Impact on Supercomputers

Cosmic rays have caused crashes of supercomputers, especially at higher elevations [00:14:14]. Los Alamos National Labs, located 2200 meters above sea level, frequently deals with neutron-induced supercomputer crashes [00:14:21]. To mitigate this, their software auto-saves frequently, and neutron detectors have been installed throughout the facility [00:14:30].

Impact on Avionics

At cruising altitude in a plane, the radiation from cosmic rays increases significantly:

  • 0.5 microsieverts per hour at 18,000 feet [00:14:45]
  • 1 microsievert per hour at 23,000 feet [00:14:48]
  • Over 2 microsieverts per hour at 33,000 feet [00:14:51]
  • Over 3 microsieverts per hour at even higher altitudes and towards the poles [00:14:54]
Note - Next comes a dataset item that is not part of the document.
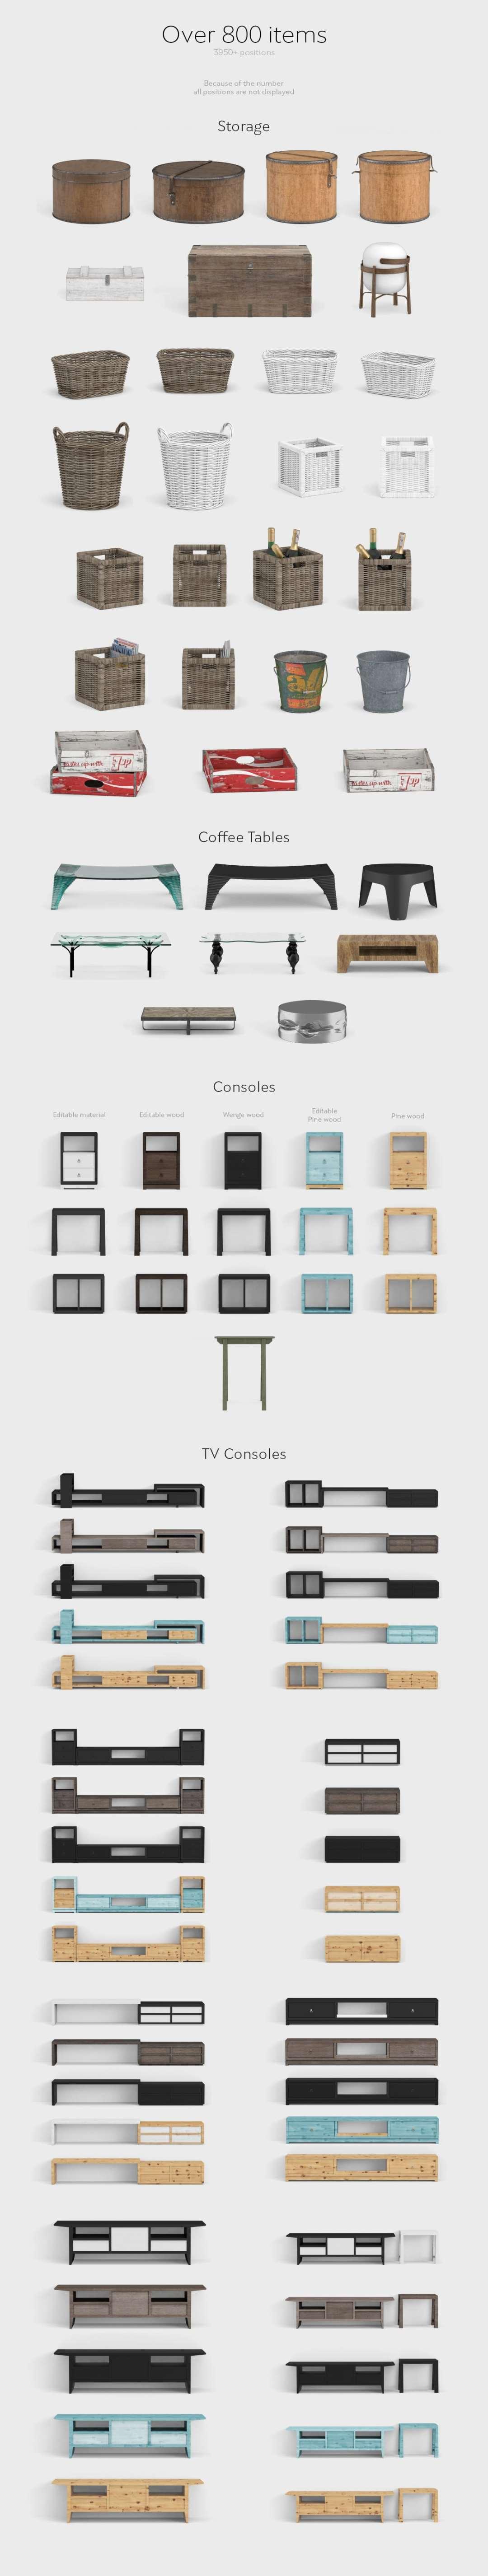 creative-market-scene-creator-bundle-21

This increases the chance of a single event upset by 10 to 30 times at cruising altitude [00:15:00].

On October 7, 2008, an Airbus A330 flying from Singapore to Perth suddenly pitched down, diving 200 meters in 20 seconds [00:15:12]. 119 people were injured [00:15:48]. The fault was traced to the first Air Data Inertial Reference Unit (ADIRU), which supplies critical flight data [00:15:57]. A bit flip in the first eight bits of a 32-bit binary word meant altitude information was mislabeled as angle of attack information [00:16:16]. The plane then sharply nosed down to correct what it thought was a stall [00:16:41]. While other possibilities were ruled out, investigators concluded that a single event effect from a high-energy atmospheric particle striking an integrated circuit was a potential triggering event [00:17:05]. The Airbus A330 was built in 1992, before specific regulatory requirements for airborne systems to be resilient to single event effects [00:17:24].
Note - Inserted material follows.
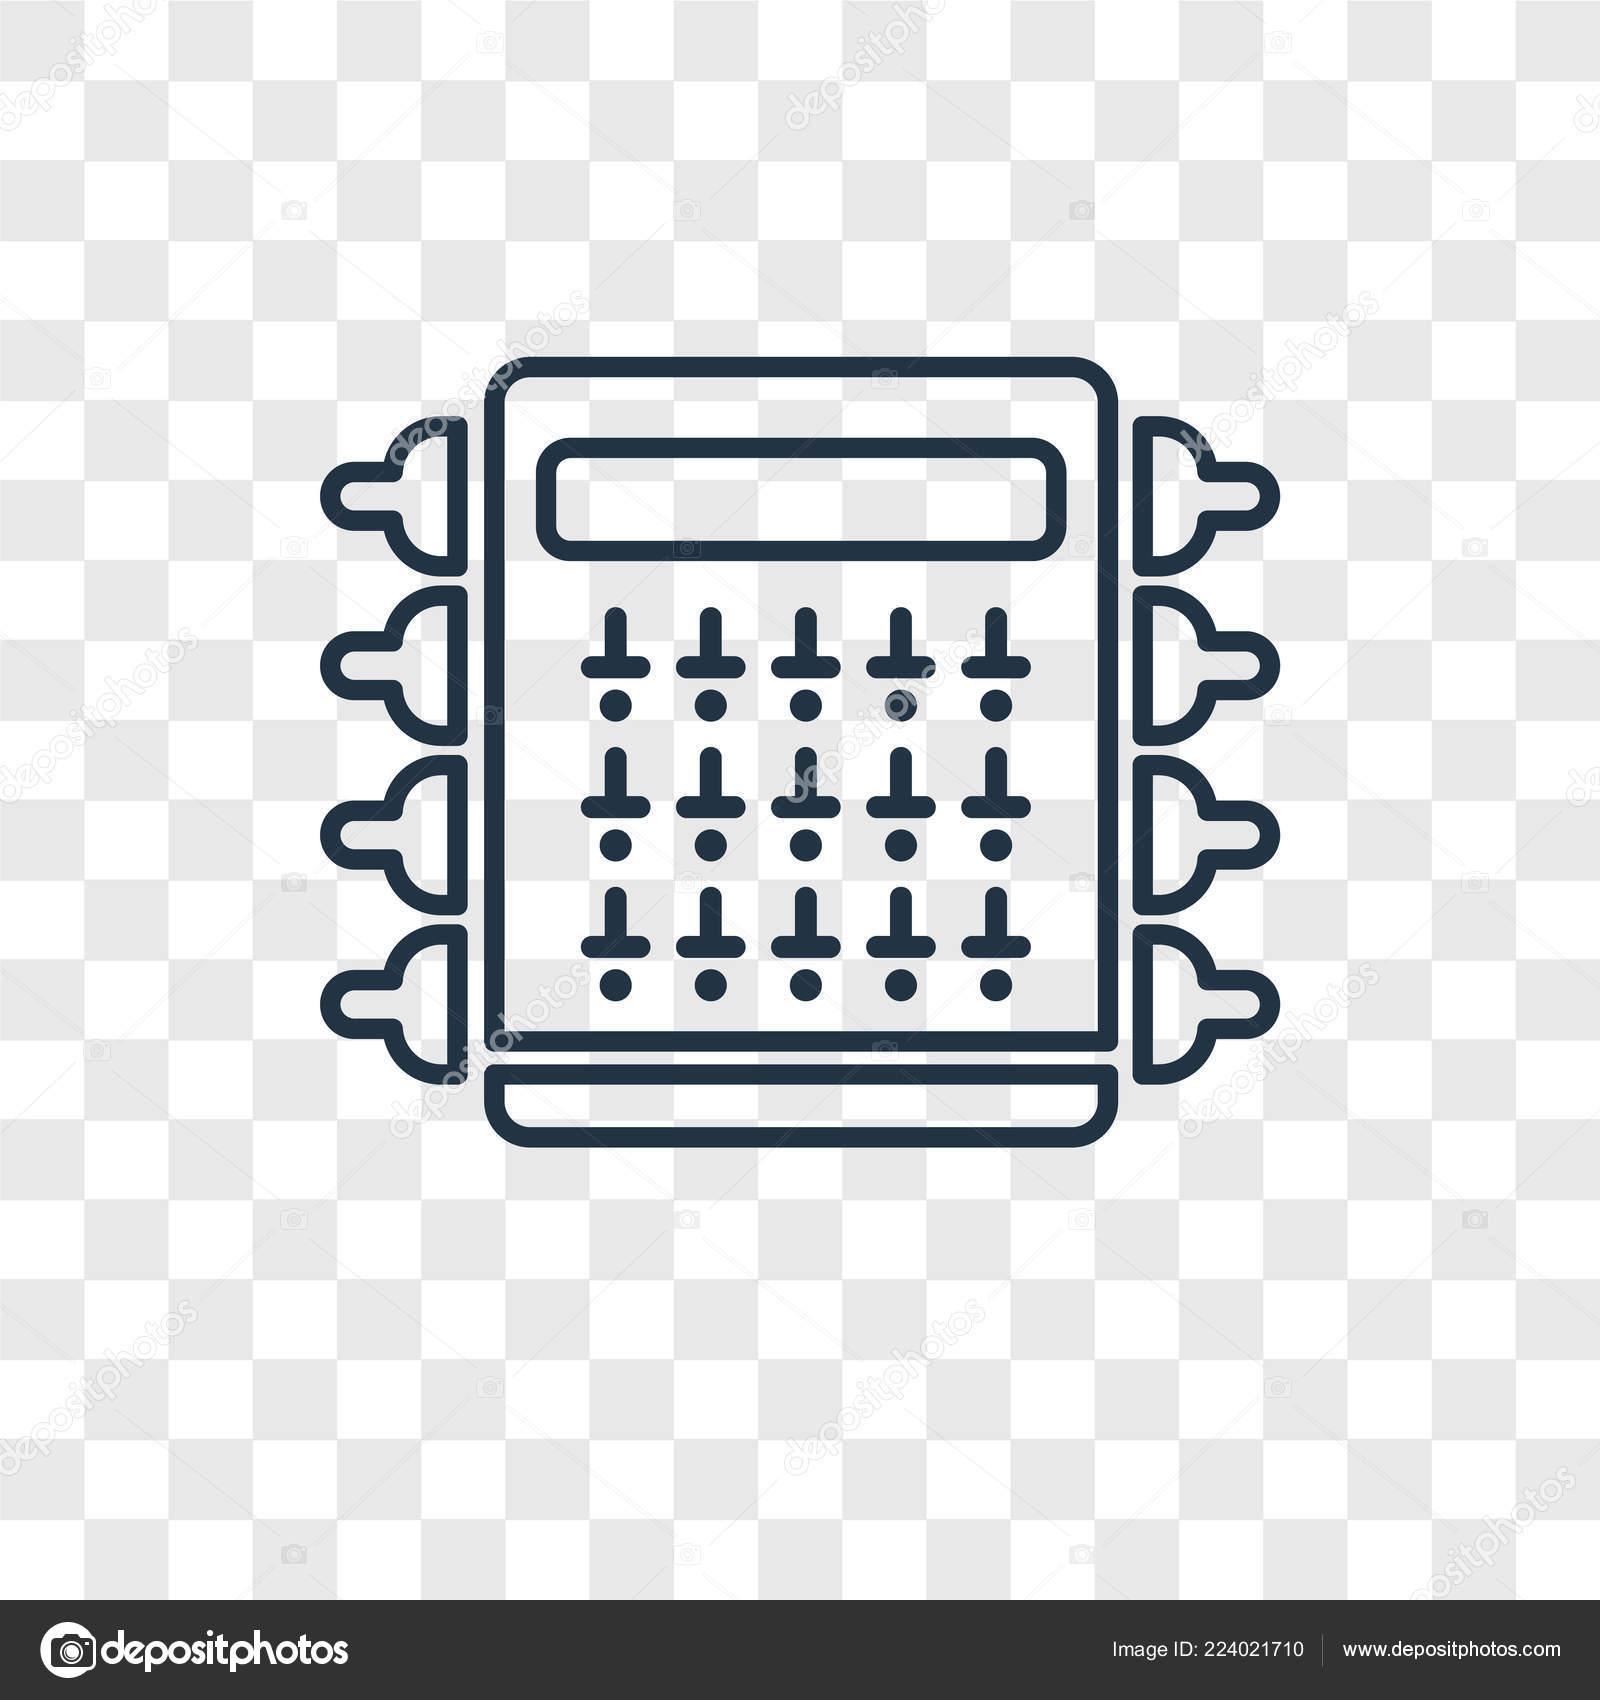 fuse box icon trendy design style fuse box icon isolated \u2014 stockfuse box icon in trendy design style fuse box icon isolated on transparent background fuse box vector icon simple and modern flat symbol for web site,

Mitigation in Space and Aerospace

For critical aerospace and space technology, radiation hardening is employed to protect electronics:

  • Space Shuttle: Redundancy was built into the space shuttle’s navigation and control systems, with four computers simultaneously running identical software [00:17:34]. If one computer had a soft error, the other three would overrule it [00:17:44]. On one five-day mission (STS 48), 161 separate bit flips were tracked [00:17:53].
  • Mars Rovers: The computer on the Perseverance Rover, launched in 2001, is a 20-year-old PowerPC with 256 megabytes of RAM and two gigabytes of flash storage [00:19:27]. It is radiation hardened, meaning its design, materials, circuits, and software are built to withstand 40 times the radiation of an ordinary computer [00:19:41]. This technology has been used on over a dozen space missions since 2005 [00:19:52].
  • Testing: Engineers test radiation-hardened processors by exposing them to particle beams on Earth and observing “blue screens of death” to understand failure modes and prevent them in space, where an unrecoverable crash would mean mission loss [00:19:57].

The sun’s 11-year activity cycle creates a protective bubble (the heliosphere) that helps deflect and slow cosmic rays from interstellar space, but this protection fluctuates, with lower cosmic ray flux on Earth when the sun is active [00:20:52].